Could you copy exactly the lines below from the one with "Bows, teal and" to the one with "MG ZS, MG ZST, MG", inclusive, leaving out any pictures?

EXERCISE MATERIALS =
···
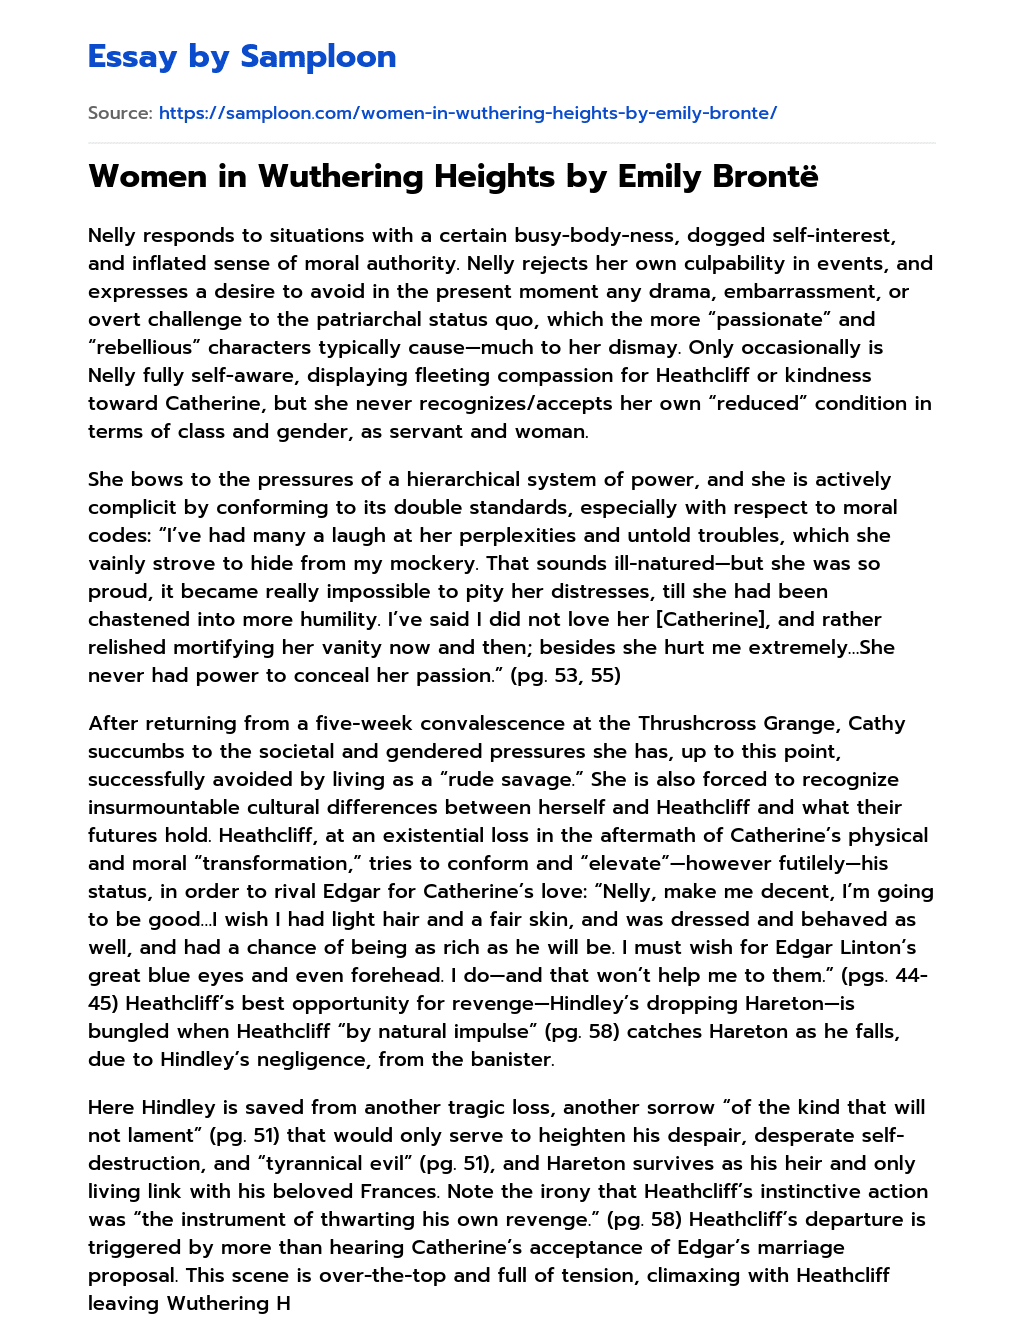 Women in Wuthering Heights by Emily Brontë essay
···
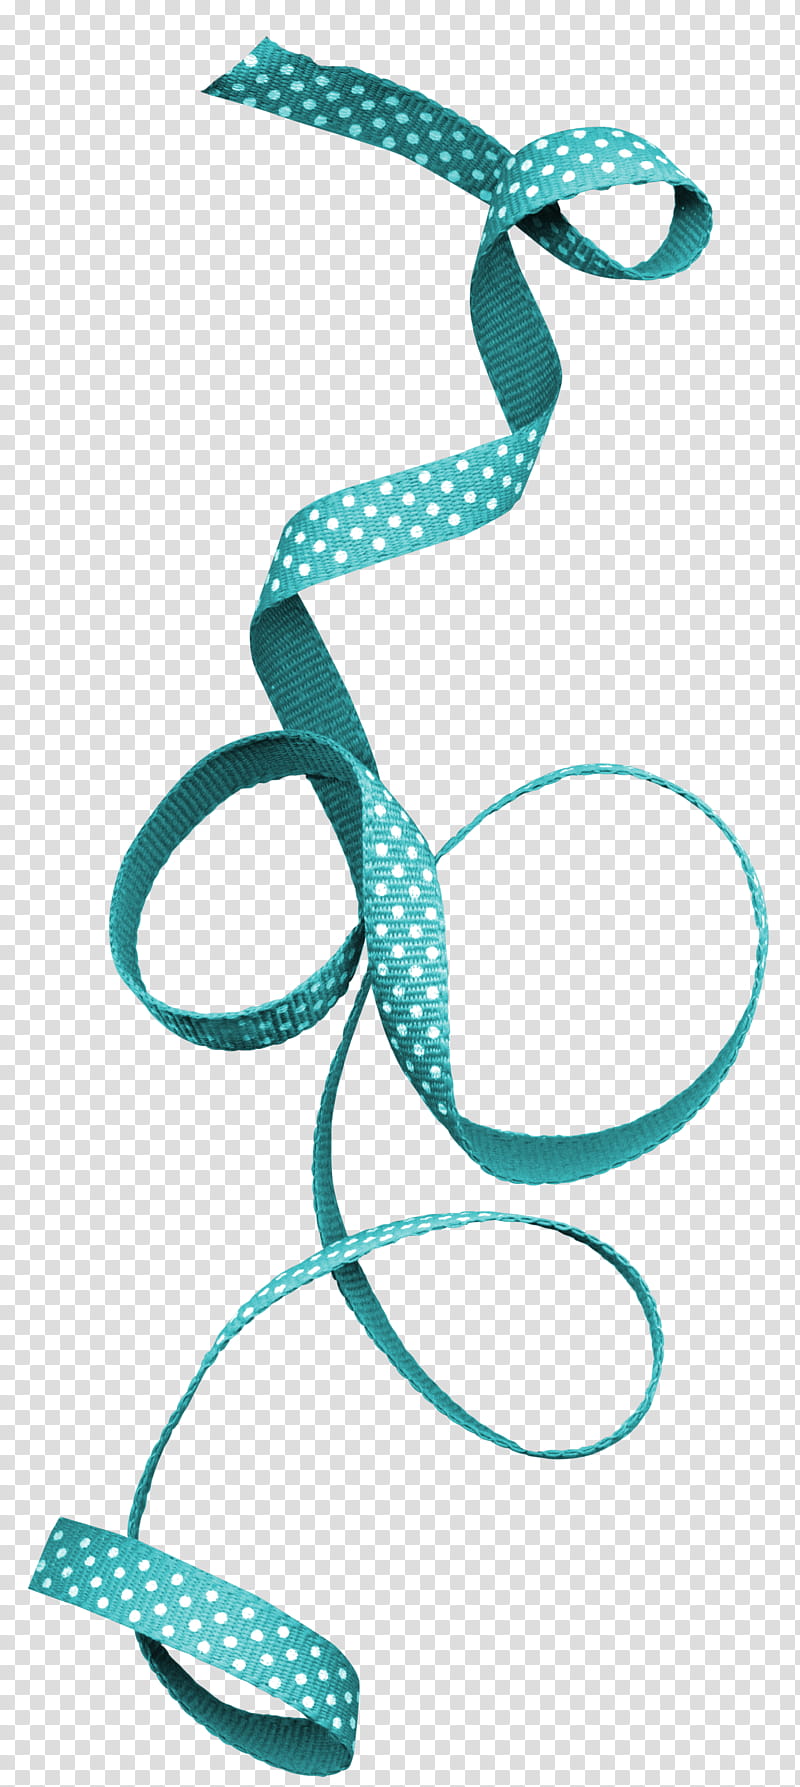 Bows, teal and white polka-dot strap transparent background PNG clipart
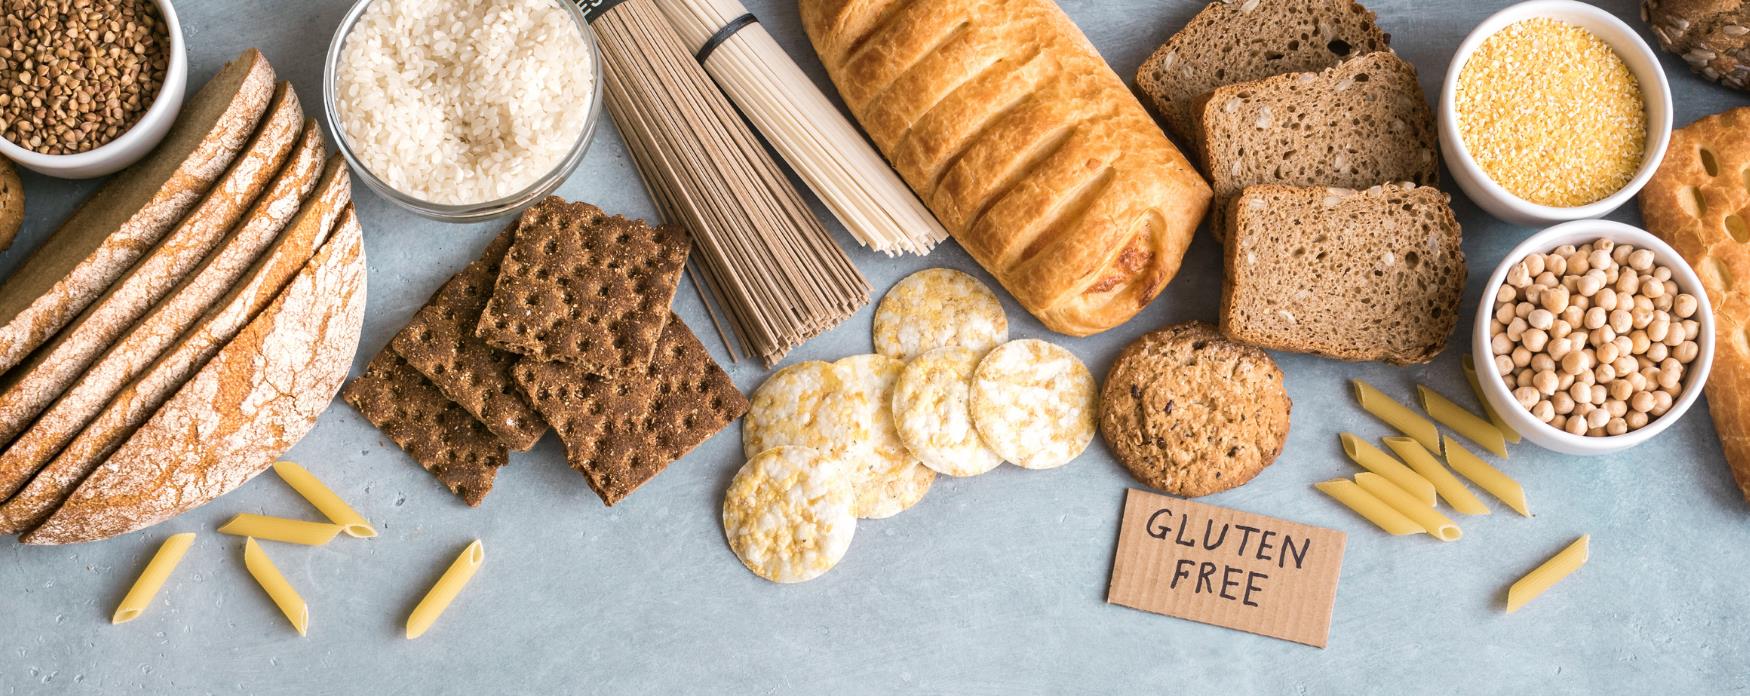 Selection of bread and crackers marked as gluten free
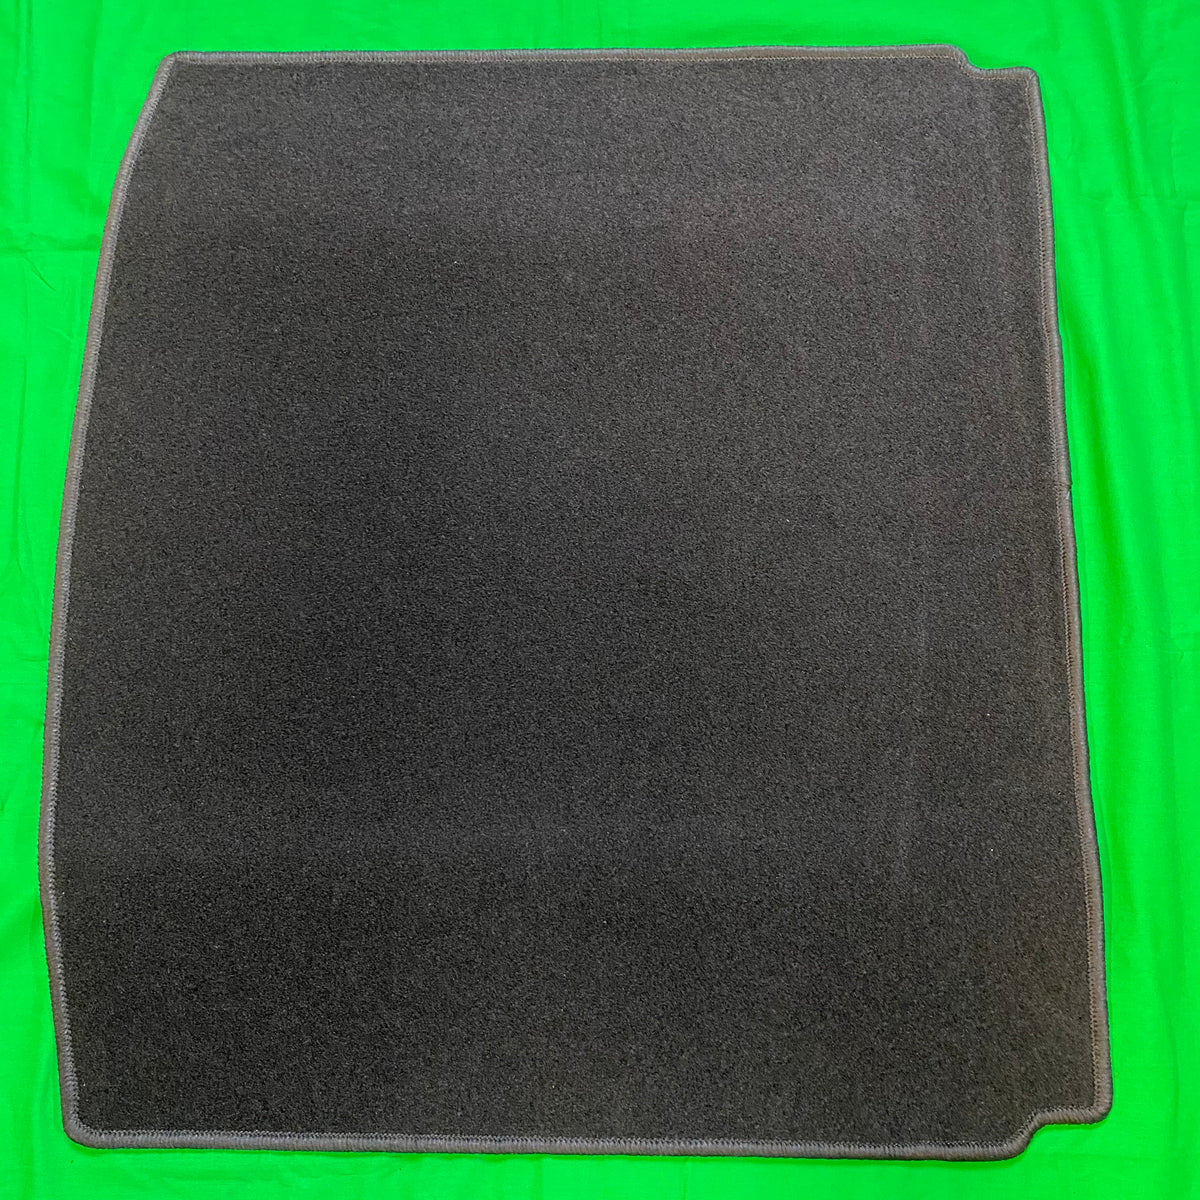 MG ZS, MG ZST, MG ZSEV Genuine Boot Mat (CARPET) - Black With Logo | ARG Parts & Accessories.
···
TASK SOLUTION =
 Bows, teal and white polka-dot strap transparent background PNG clipart
 Selection of bread and crackers marked as gluten free
 MG ZS, MG ZST, MG ZSEV Genuine Boot Mat (CARPET) - Black With Logo | ARG Parts & Accessories.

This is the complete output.